Adrian Ghenie and Navid Nuur
On the Road to … Tarascon
September 20–December 14, 2013
Opening: September 20, 17–22h
Plan B Berlin
Potsdamer Strasse 77-87
10785 Berlin
Galeria Plan B is happy to announce the exhibition On the Road to … Tarascon, the materialization of the conversation between the Romanian painter Adrian Ghenie and the post-conceptual Iranian-born Dutch artist Navid Nuur, unfolding over the last few years.
The two artists met in the context of the gallery’s program and new episodes in their dialogue were occasioned over time by group exhibitions and art fair presentations. This is in tandem with the mission of the gallery, to be a locus of conversation and collaborative research.
A first iteration of this project was exhibited at the first edition of Art Basel in Hong Kong in May 2013 and was awarded the Discoveries Prize. Guggenheim Museum’s curator Alexandra Munroe describes the project: “The installation by Navid Nuur and Adrian Ghenie encompasses performance, sound, painting, and assemblage in a complete environment that has keen art historical and critical relevance. It wrestles with the history of modern painting while showing an exciting and fresh perspective. Working collaboratively, the artists go beyond the constraints of conceptualism and engage with more current languages of art.”
While Navid Nuur is concerned with articulating modules of thought, where the abstract component of collective memory and intimations of a possible future acquire a sensuous presence, Adrian Ghenie’s paintings engage the invisible part of our past, where collective memory is constantly challenged by mysterious, strangely prophetic actions and places, occulted folds in the temporal linearity upheld by conventional histories.
Always poised between figuration and abstraction, the two practices converge in looking at how both thoughts and oblivion materialize. The works in the exhibition question the dematerialization of painting through a dialogue between the figurative and the abstract, between representation and prototype, between embodiment and its traces. It is an occasion for both artists to challenge their positions: Adrian Ghenie steps forward in researching the abstract side of the figurative, and Navid Nuur adapts his conceptual toolbox to an investigation of traditional painting and representation.
The two artistic discourses achieve new potentialities in this encounter, through the direct access they offer one another to work, to the physical and affective correlates of art-making. This ranges from the performative dimension of their collaboration (a video work shows Navid Nuur holding a microphone connected to a Marshall amplifier, voicing out Ghenie’s act of painting as it unfolds in front of him) to the exchange of material (Nuur takes color samples from Ghenie’s painting in order to create another work which refines specific details of Ghenie’s work through enlargement and repetition; in exchange Ghenie provides Nuur with a set of blue colours that he himself prepared). As a next step, Navid Nuur adds an abstract layer of paint (starting from the texture of a Van Gogh painting) on top of Ghenie’s picture, searching for a point of fusion between the two practices. At the end of the collaborative work, Nuur assembles all the detritus of this shared process into monocle-like instruments, viewing devices for their own material opacity.

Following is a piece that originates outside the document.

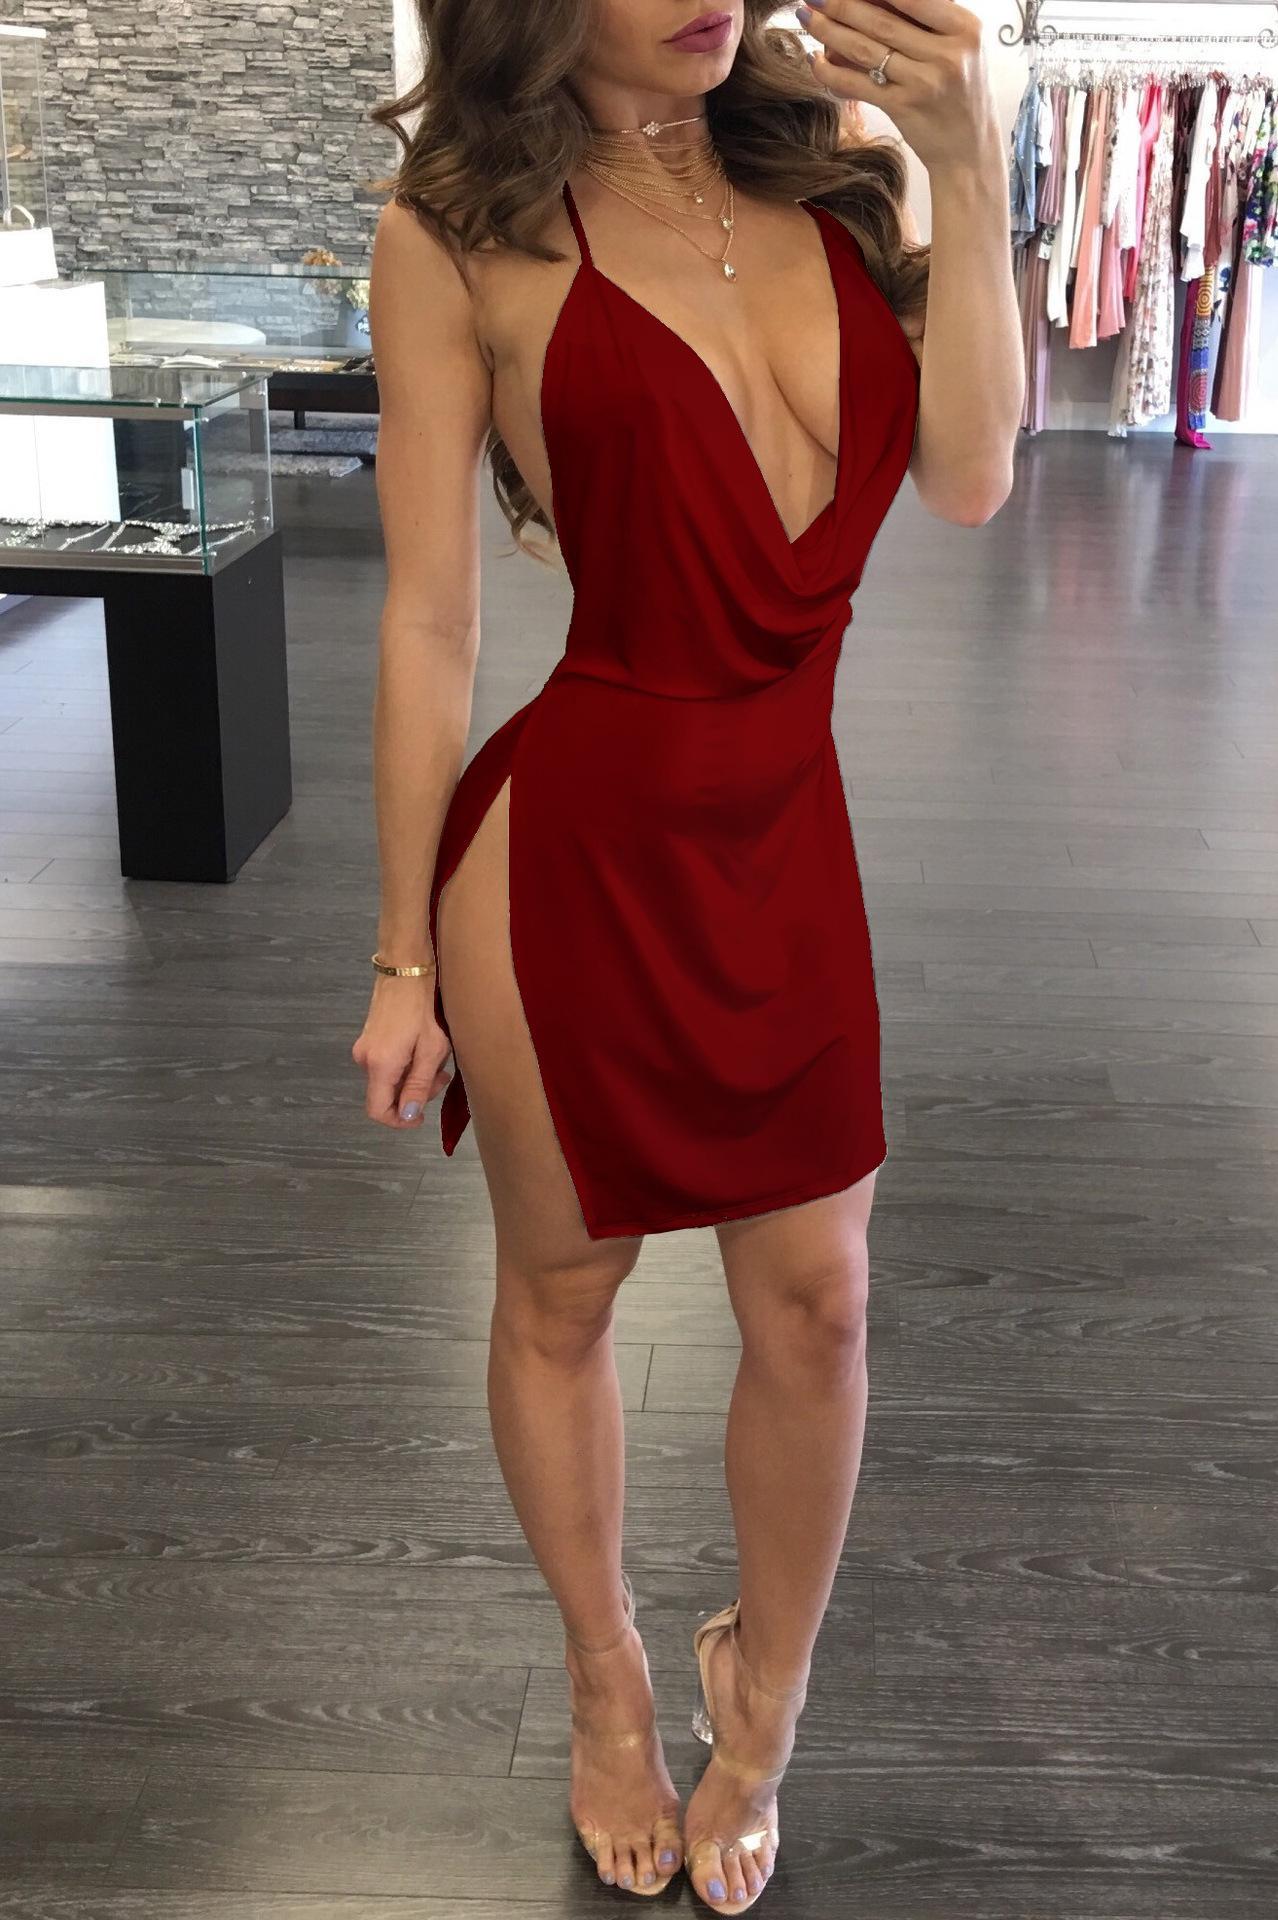 cae26c93e72 Summer Women Lace Dress Sexy Backless V Neck Beach Dresses 2018 Fashion  Sleeveless Spaghetti Strap White Casual Mini Sundress W6 Cocktail Wear For  Women ...

An online reader was created for the exhibition, based on a conversation between Adrian Ghenie and Navid Nuur from July 2013, to be found here.
Adrian Ghenie (b. 1977; Baia Mare, Romania) lives and works in Cluj and Berlin. His previous solo exhibitions include the Museum for Contemporary Art, Denver; S.M.A.K. Museum, Gent; the National Museum of Contemporary Art (MNAC), Bucharest. His work has been included in group exhibitions at the Palazzo Strozzi, Florence, San Francisco Museum of Modern Art, the Francois Pinault Collection at Palazzo Grassi, Venice and the Liverpool Biennial.
Navid Nuur (b. 1976; Teheran, Iran) lives and works in The Hague, The Netherlands. His previous solo exhibitions include Centre Pompidou, Paris; Parasol Unit Foundation for Contemporary Art, London; Matadero Contemporary Art Center, Madrid; Kunst Halle Sankt Gallen and Kunsthalle Fridericianum, Kassel. His work has been included in group exhibitions at the 54th Venice Biennale, the Stedelijk Museum Amsterdam, Museion Bolzano, Kunsthaus Glarus, and Stroom The Hague.